EVIDENCE: After a literature review of the risk of ipsilateral and contralateral breast cancer events among breast cancer survivors and the harms and benefits associated with mammography, a multidisciplinary expert panel was convened to develop consensus guidelines on surveillance mammography for breast cancer survivors 75 years or older. Using an iterative consensus-based approach, input from clinician focus groups, and critical review by the International Society for Geriatric Oncology, the guidelines were refined and finalized.
FINDINGS: The literature review established a low risk for ipsilateral and contralateral breast cancer events in most older breast cancer survivors and summarized the benefits and harms associated with mammography. Draft mammography guidelines were iteratively evaluated by the expert panel and clinician focus groups, emphasizing a patient's risk for in-breast cancer events, age, life expectancy, and personal preferences. The final consensus guidelines recommend discontinuation of routine mammography for all breast cancer survivors when life expectancy is less than 5 years, including those with a history of high-risk cancers; consideration to discontinue mammography when life expectancy is 5 to 10 years; and continuation of mammography when life expectancy is more than 10 years. Individualized, shared decision-making is encouraged to optimally tailor recommendations after weighing the benefits and harms associated with surveillance mammography and patient preferences. The panel also recommends ongoing clinical breast examinations and diagnostic mammography to evaluate clinical findings and symptoms, with reassurance for patients that these practices will continue.

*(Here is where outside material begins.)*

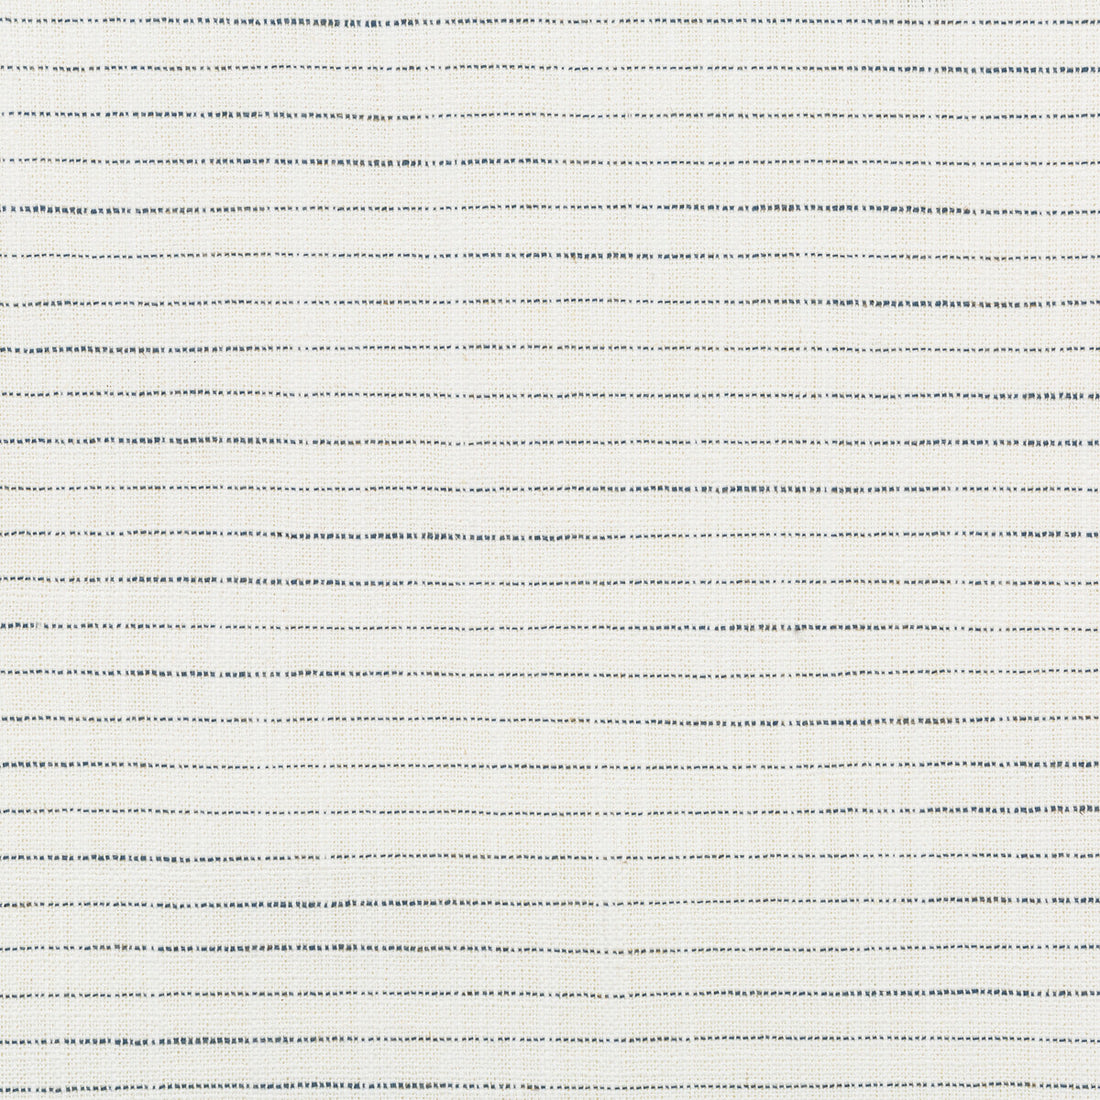 Kravet Basic fabric in 35931-15 color - pattern 35931.15.0 - by Kravet Basics in the Performance Kravetarmor collection

CONCLUSIONS AND RELEVANCE: It is anticipated that these expert guidelines will enhance clinical practice by providing a framework for individualized discussions, facilitating shared decision-making regarding surveillance mammography for breast cancer survivors 75 years or older.